[FP05] Le jeu de rôle

Avant-dernier billet de la série simulation de formule pédagogique.

Le jeu de rôle a d’intéressant qu’il implique l’élève sur le plan subjectif dans l’activité. L’apprenant qui « joue un rôle » le fait en fonction de la compréhension du personnage (historique ou fictif) qu’il a. Le jeu de rôle implique la notion de jouer (comme au théâtre) et celle d’interpréter un rôle, cependant il est important de faire valoir devant les élèves le peu d’importance qu’a la performance théâtrale en ciblant un objectif d’apprentissage de fond et en misant sur l’authenticité de l’interprétation plus que sur son éclat (Chamberland, 1995).

Dans la situation que nous avons expérimentée en DID4217, notre objectif d’apprentissage résidait dans l’exercice du procès : juger Mackenzie King. Quel apprentissage y a t’il à faire à travers cet exercice? Compte tenu du fait que pour en arriver à un jugement il faille appuyer une position qui nous est imposée (un peu comme en débat) qu’on soit avocat, juge ou membre d’un des groupes d’intérêts, l’exercice nécessite la mobilisation de savoirs qui prennent la forme de preuves historiques ou de documents législatifs, constitutionnels ou encore d’une autre nature.

Notre simulation de jeu de rôle s’est globalement bien déroulée, bien que nous étions pressés dans le temps. Néanmoins, nous avons eu l’occasion de prendre conscience des différents aspects nécessaires et pertinents à sa mise en application, soit la contextualisation, l’organisation spécifique de la classe, l’établissement de règles de jeux et l’attribution de rôle aux élèves en fonction de leurs caractéristiques spécifiques. L’exercice avait d’intéressant qu’il a aussi fait ressortir les défis de gestion de classe (principalement au niveau du temps et du rythme) qu’impliquent le jeu de rôle. Toujours dans cette même optique, il est apparu particulièrement difficile d’attribuer des rôles qui mobilisent les élèves tout au long de la démarche. Dans mon cas (je devais jouer le rôle du juge), j’ai connu quelques moments où j’avais très peu à faire, pour ne pas dire rien, alors que les autres préparaient leur plaidoyer. On peut être à l’aise avec cette situation, mais il y a, à mon avis, un risque de dérapage si on se retrouve avec quelques élèves ici et là qui ont des temps morts. Pour éviter ce problème, il peut être intéressant d’enrichir les rôles « secondaires ». Par exemple, dans notre simulation, le juge n’avait pas de document à consulter lors de la première phase et a reçu peu d’indications quant à son rôle. Il aurait été pertinent, par exemple, de lui fournir une feuille de consigne relativement au temps des interventions, aux procédures de gestion des témoins, des avocats, des débats et des diverses règles qu’il doit faire respecter « à la cour ». Le temps de préparation aurait donc servi au juge pour étudier son rôle et poser ses questions à l’enseignant.
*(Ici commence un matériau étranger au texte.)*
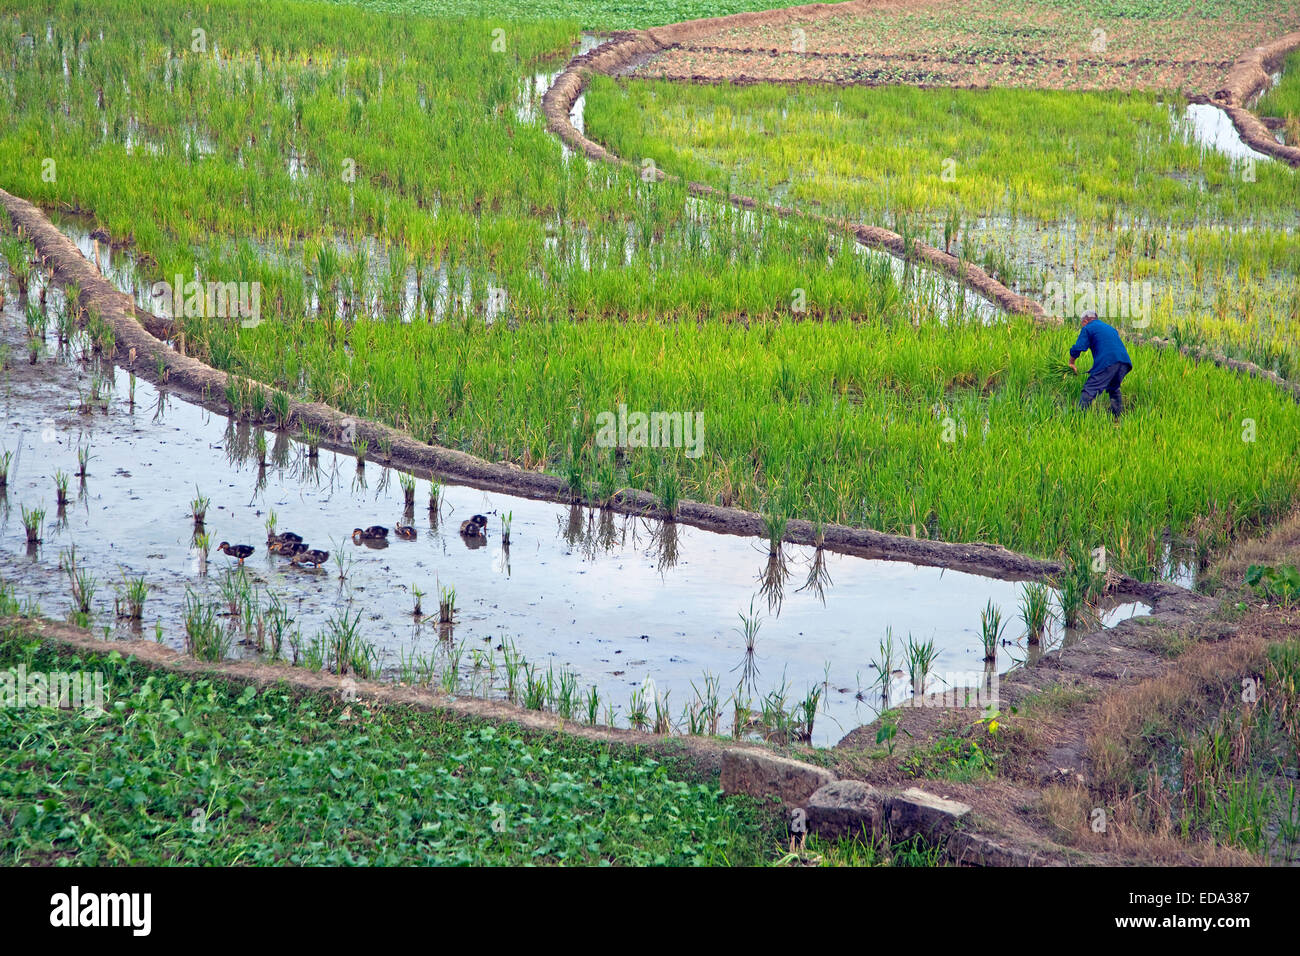 Coupe homme tibétain les plants de riz en rizière dans les basses terres de la province du Sichuan, Chine Banque D'Images

L’idée générale (et aussi le défi), dans un jeu de rôle centralisé comme celui-ci, c’est de diversifier les rôles et les postures, mais aussi d’équilibrer les tâches qui sont diverses afin d’optimiser le temps investi à réaliser l’activité. Selon cette logique, alors que le jury débattait à la fin de l’activité sur l’issue du procès, l’enseignant aurait pu utiliser ce temps pour amorcer un retour sur l’activité. Sans effectuer un retour de fond sur le jeu de rôle, les quelques minutes auraient pu être employées pour une discussion de groupe sur les impressions des élèves quant à la formule et ainsi récolter les commentaires pour un réinvestissement ultérieur. Ceci dit, une fois le jeu terminé, il convient de revenir le plus rapidement possible avec les élèves sur le déroulement du jeu de rôle afin de consolider les acquis, mais aussi de déconstruire rapidement les inexactitudes possiblement rencontrées, un point faible que souligne Chamberland (1995).

J’ai apprécié globalement l’expérience vécue et je souhaite la réinvestir éventuellement avec mes élèves, mais il est fort probable qu’il me faudra plus de temps avant d’expérimenter une formule aussi complexe,  car j’aurai besoin de sentir que mes groupes sont prêts à faire l’expérience d’un jeu ouvert comme celui-ci et d’en tirer une substance qui soit pertinente à leur formation.